Morreu há dias o Harold Bloom.
Conheci-o (salvo erro) através de um artigo n’O Independente. Descrevia uma figura fascinante, capaz de ler três livros por dia e uma irritação constante contra feministas, estudos culturais e marxistas, aquilo que ele chamava a escola do ressentimento.
O ai jesus de Bloom era o cânone ocidental. A sua convicção no dito cânone era hipnótica. Dediquei-me a ler os livros que propunha, que eram realmente bons. Levei uns anos a perceber que os critérios com que justificava a sua lista não eram particularmente interessantes.
Operava a crítica literária como uma espécie de misticismo, maledizendo tudo o que na literatura não era (para ele) literatura. Tirando isso não ficava nada de que valesse a pena falar. Shakespeare era, por exemplo, gabado por Bloom por conseguir falar do mundo inteiro, de todos os estados de alma e de todas as situações. Porém, no mesmo momento, defendia que a crítica literária séria estava interdita desse mesmo mundo inteiro, de boa parte dos estados de alma e da maioria das situações.
Talvez a maior contradição de Bloom seja a que motivava artigos como o do Independente: ao defender uma literatura alheia a considerações políticas, tornava-se numa arma perfeita a ser empregue por quem quer que queira fazer vingar uma agenda conservadora de direita. Bloom ganhou renome pelas suas posições políticas em favor de uma literatura ocidental.

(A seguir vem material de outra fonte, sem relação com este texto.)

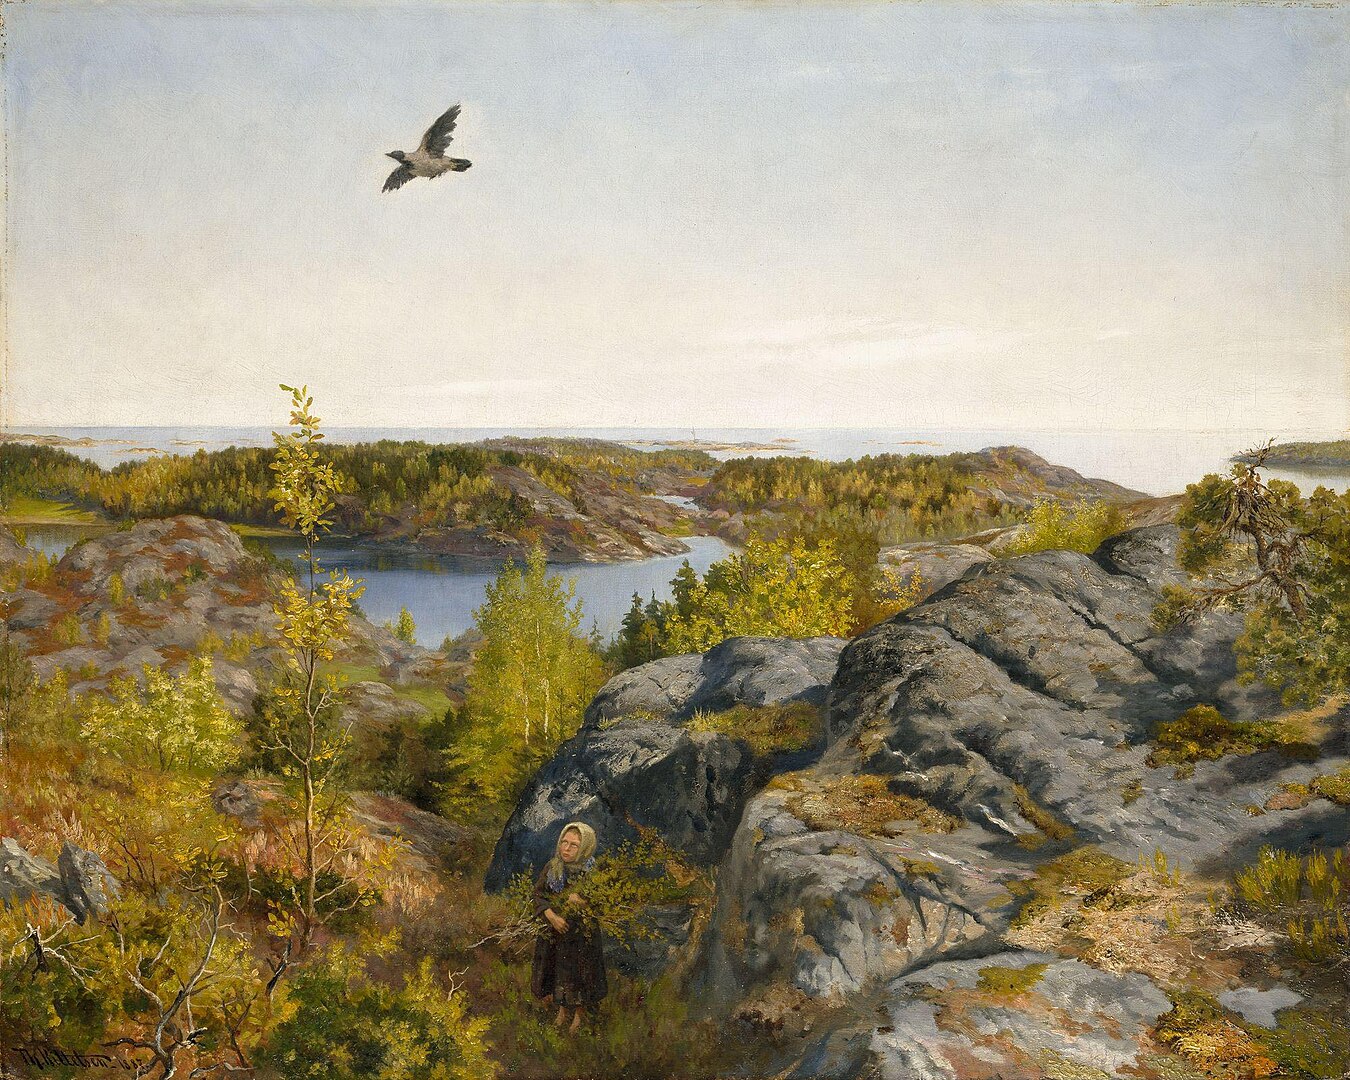 A landscape view of forests and mountains as a lone bird flies in the sky

A contribuição mais interessante de Bloom é a sua teoria da influência, que via a transmissão da tradição em literatura como uma luta constante de cada escritor com os escritores que o influenciavam.
Talvez o problema de Bloom seja não entender a crítica literária como uma luta semelhante, de críticos que tentam encontrar a sua voz respondendo a figuras tutelares de um cânone da crítica. (James Wood propõe esta ideia num obituário na New Yorker).
É perfeitamente possível imaginar vários cânones movendo-se em paralelo e com interesses distintos, competindo mas também colaborando, respondendo criativamente e reinterpretando-se uns aos outros. Aquilo que Bloom nomeava como a escola do ressentimento é neste momento bem mais estimulante do que insistir na literatura (ou cinema, ou arte) como uma espécie de forma vazia, isolado e (essa sim) ressentida contra tudo o que a ameace.